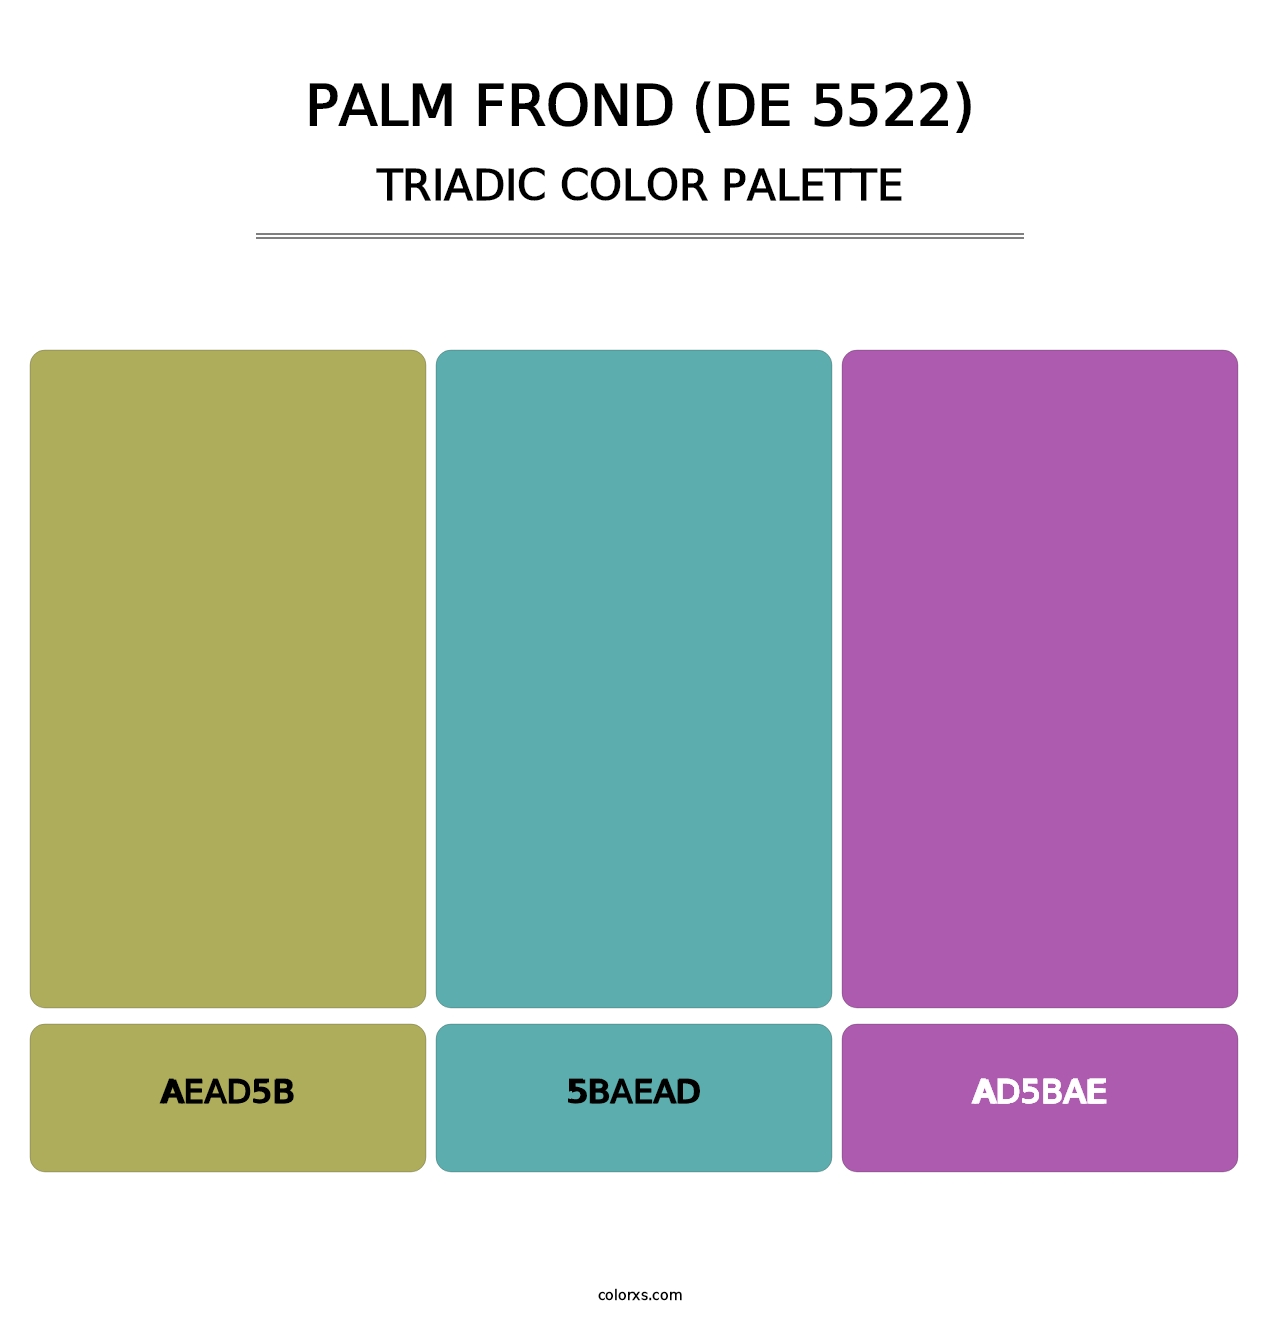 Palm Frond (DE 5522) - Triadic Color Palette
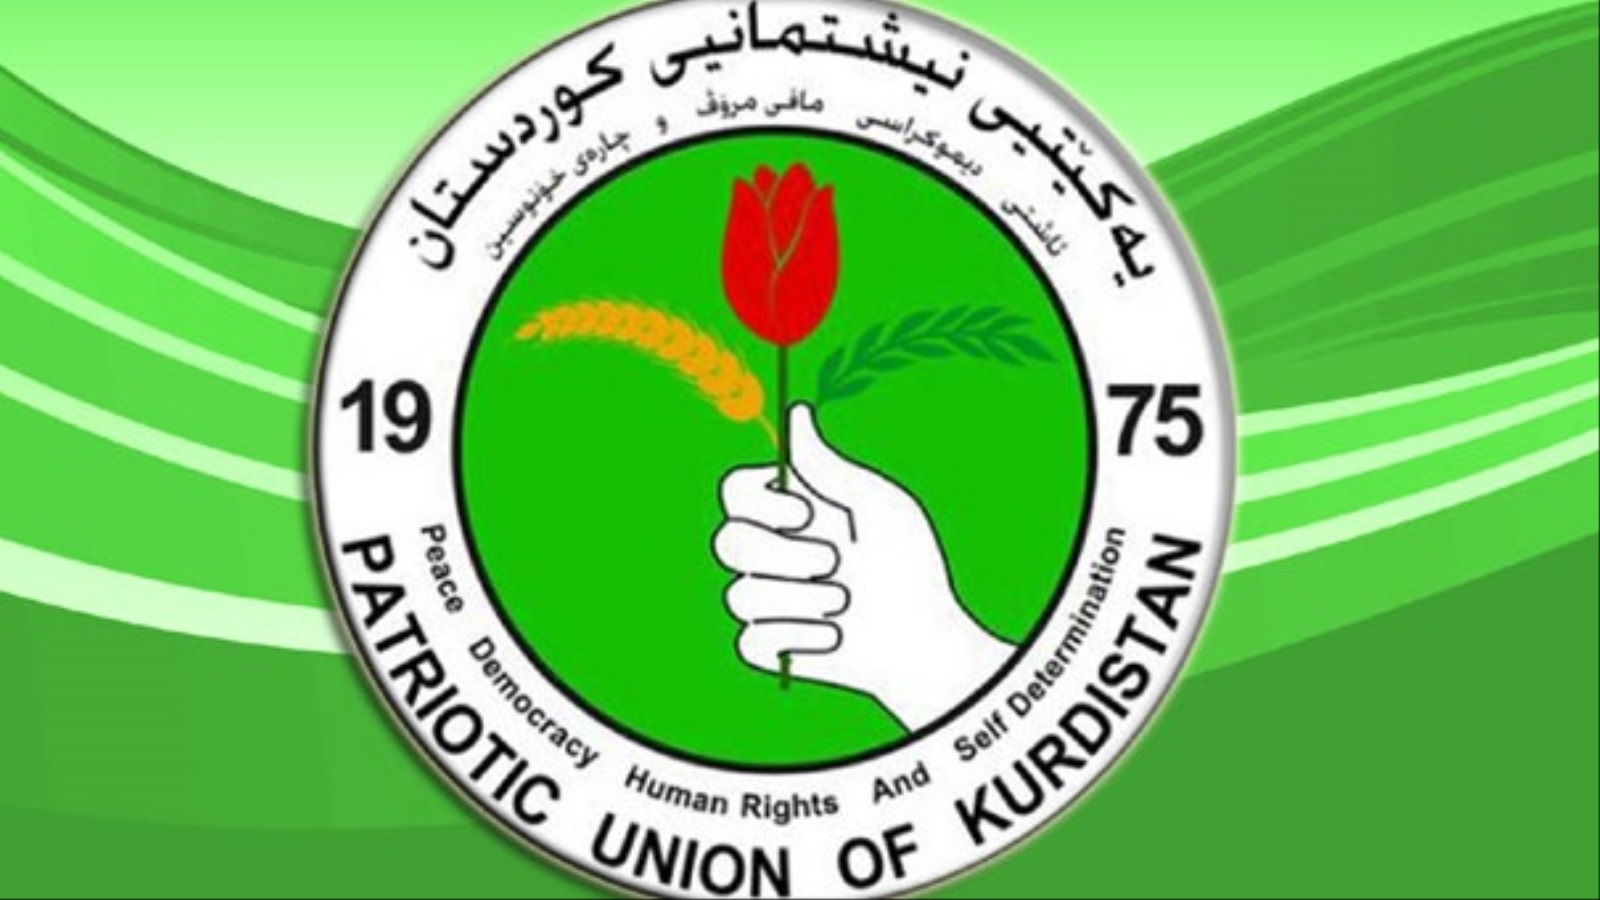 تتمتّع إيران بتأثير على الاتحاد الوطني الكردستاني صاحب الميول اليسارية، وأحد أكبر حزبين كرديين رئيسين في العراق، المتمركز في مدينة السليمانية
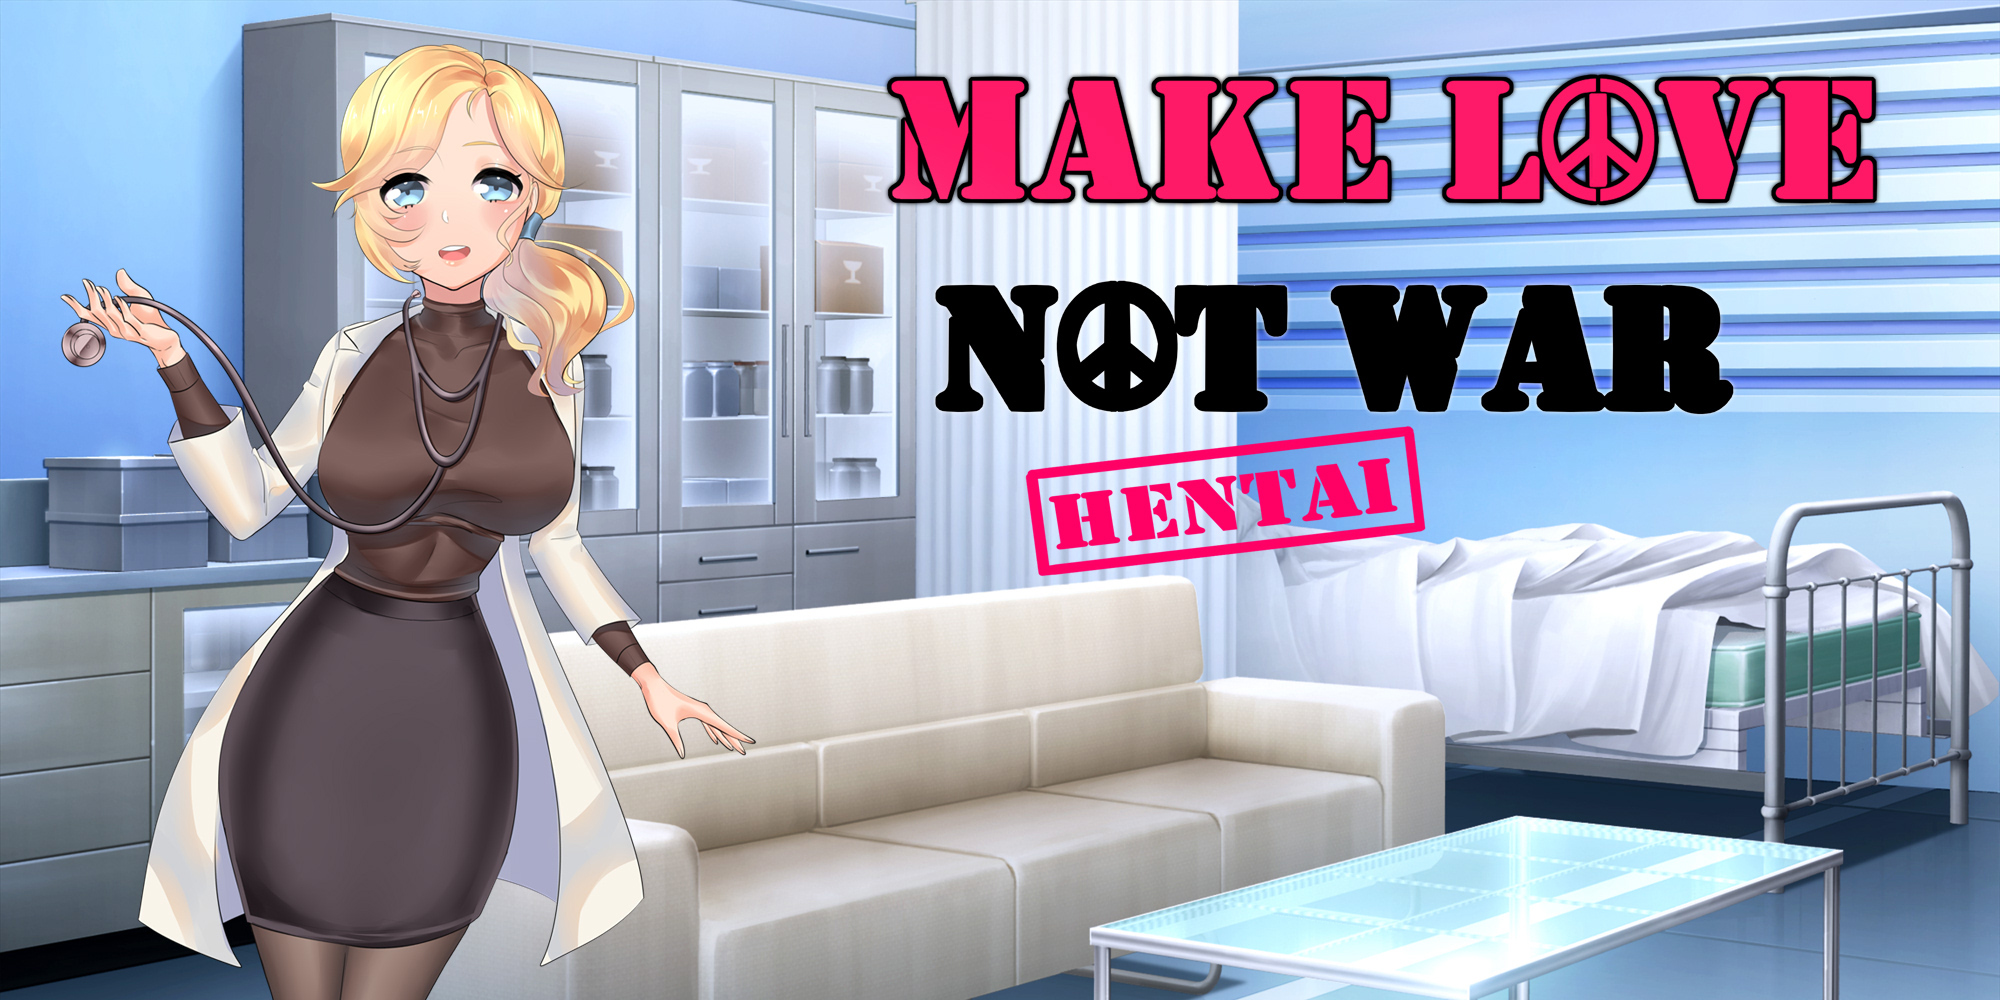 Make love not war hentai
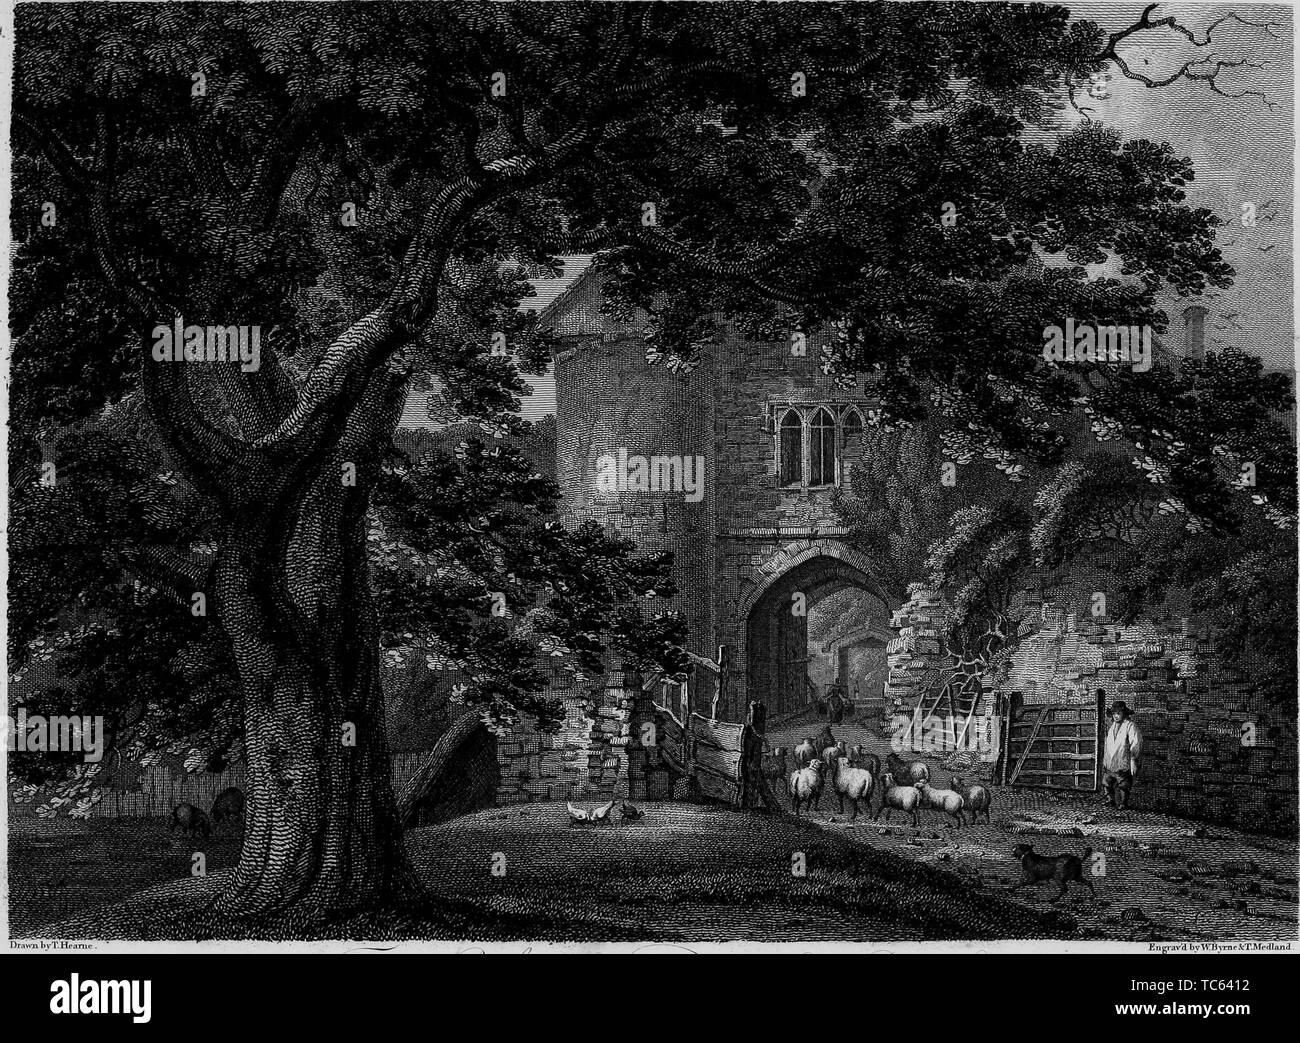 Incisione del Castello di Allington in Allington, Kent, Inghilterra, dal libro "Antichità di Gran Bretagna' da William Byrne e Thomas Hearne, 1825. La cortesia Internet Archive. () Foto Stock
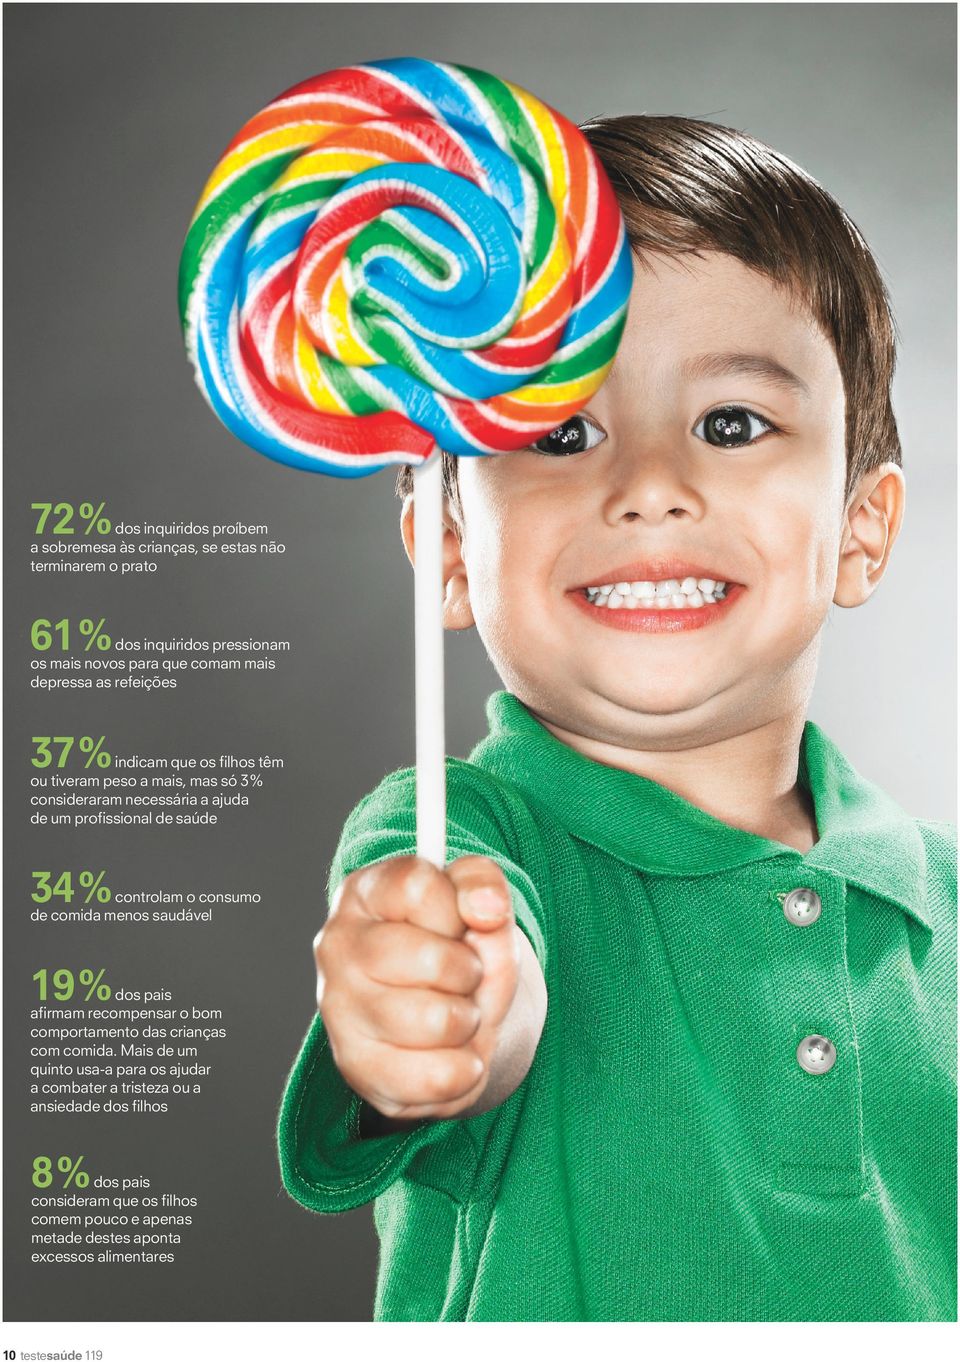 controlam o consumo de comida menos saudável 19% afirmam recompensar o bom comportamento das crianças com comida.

————

**WHAT THE TASK REQUIRES:** Word for word, write out each line from the one with "Make love not war hentai" through the end of the entries above, and omit any pictures.

**RESPONSE:**
 Make love not war hentai
 Incisione del Castello di Allington in Allington, Kent, Inghilterra, dal libro "Antichità di Gran Bretagna' da William Byrne e Thomas Hearne, 1825. La cortesia Internet Archive. () Foto Stock
 controlam o consumo de comida menos saudável 19% afirmam recompensar o bom comportamento das crianças com comida.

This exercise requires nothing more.